■ DATASET ■
^^^^^^^^^^^^^^^^

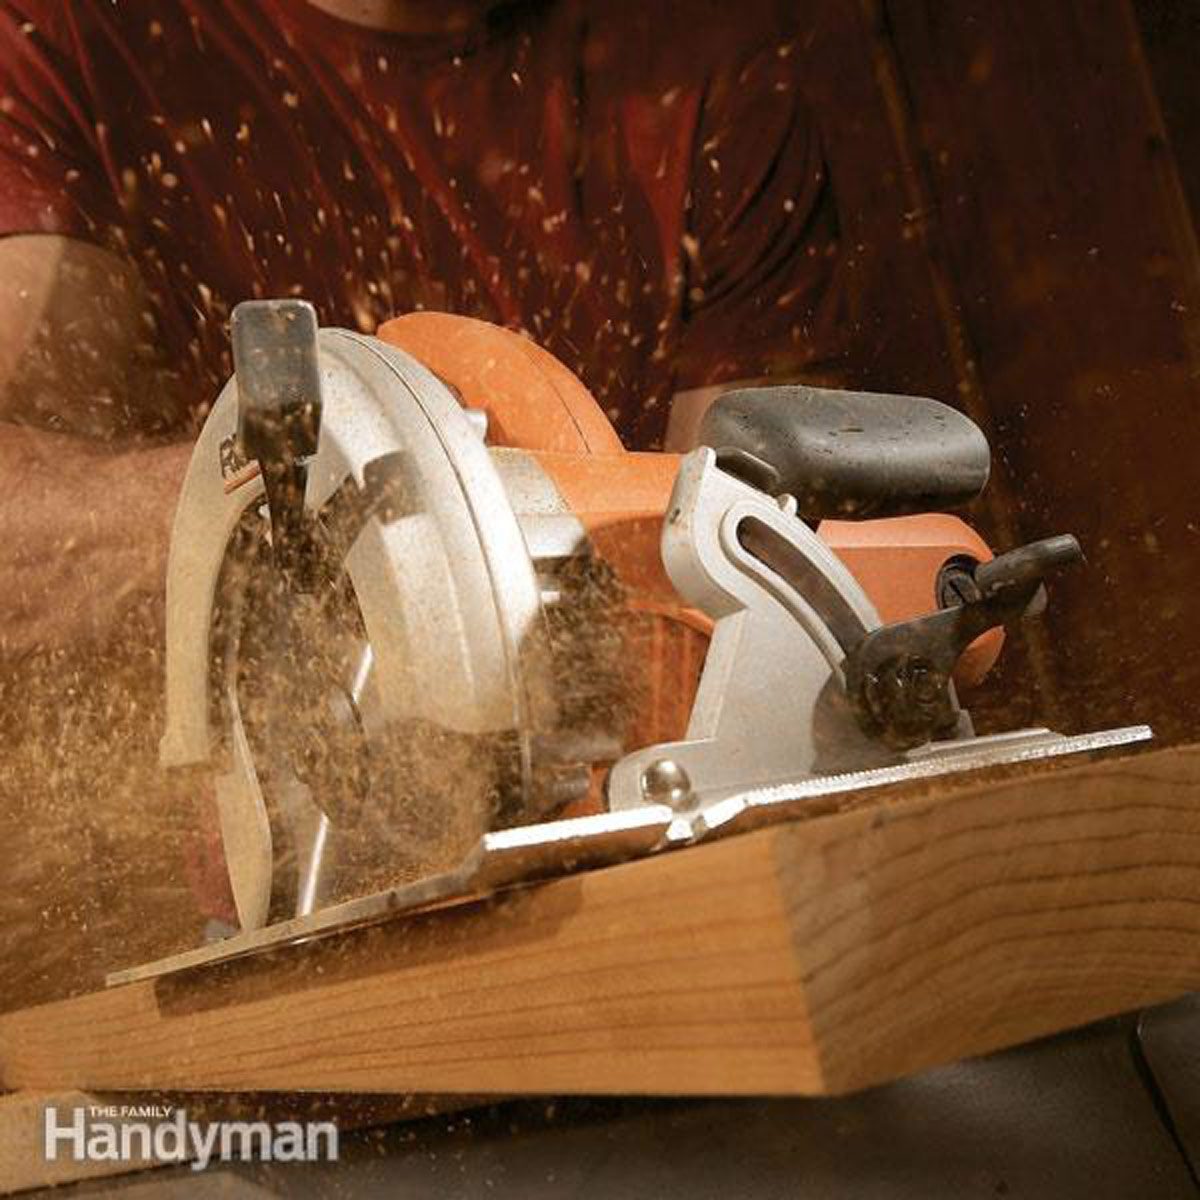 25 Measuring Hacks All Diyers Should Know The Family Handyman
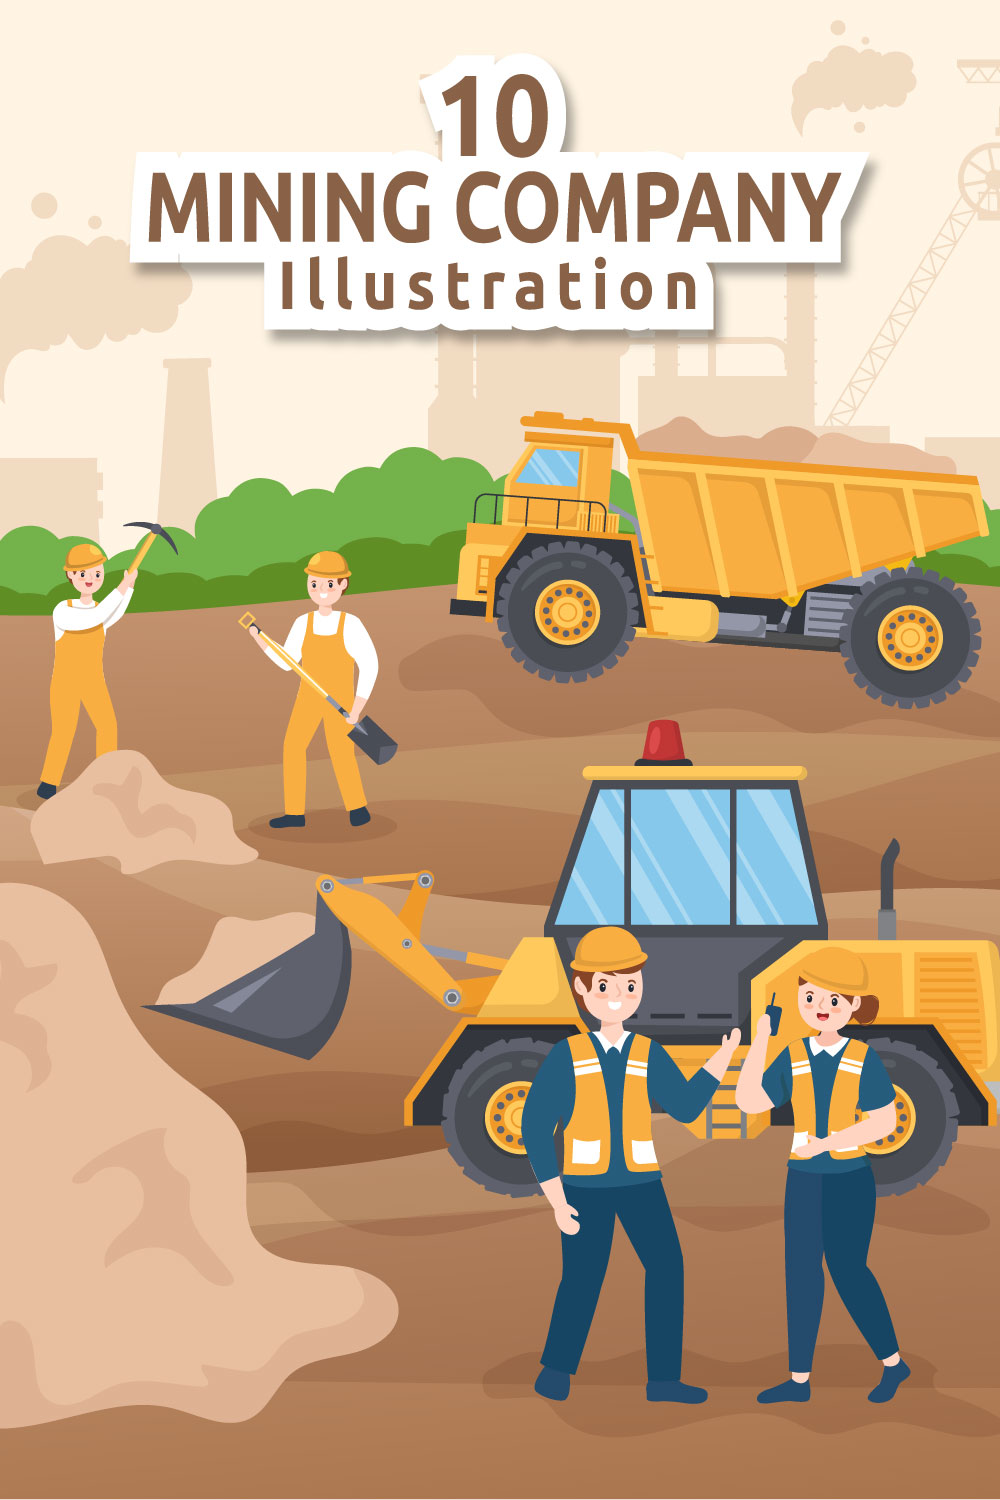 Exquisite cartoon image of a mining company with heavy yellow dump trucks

^^^^^^^^^^^^^^^^

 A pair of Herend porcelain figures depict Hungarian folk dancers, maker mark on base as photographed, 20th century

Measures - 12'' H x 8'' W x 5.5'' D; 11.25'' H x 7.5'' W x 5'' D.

^^^^^^^^^^^^^^^^

■ PROBLEM REQUIREMENTS ■
Begin with the line above that has "A pair of Herend" and continue through the line that has "Measures - 12''", setting each one down exactly. Stop there.

■ YOUR SOLUTION ■
 A pair of Herend porcelain figures depict Hungarian folk dancers, maker mark on base as photographed, 20th century

Measures - 12'' H x 8'' W x 5.5'' D; 11.25'' H x 7.5'' W x 5'' D.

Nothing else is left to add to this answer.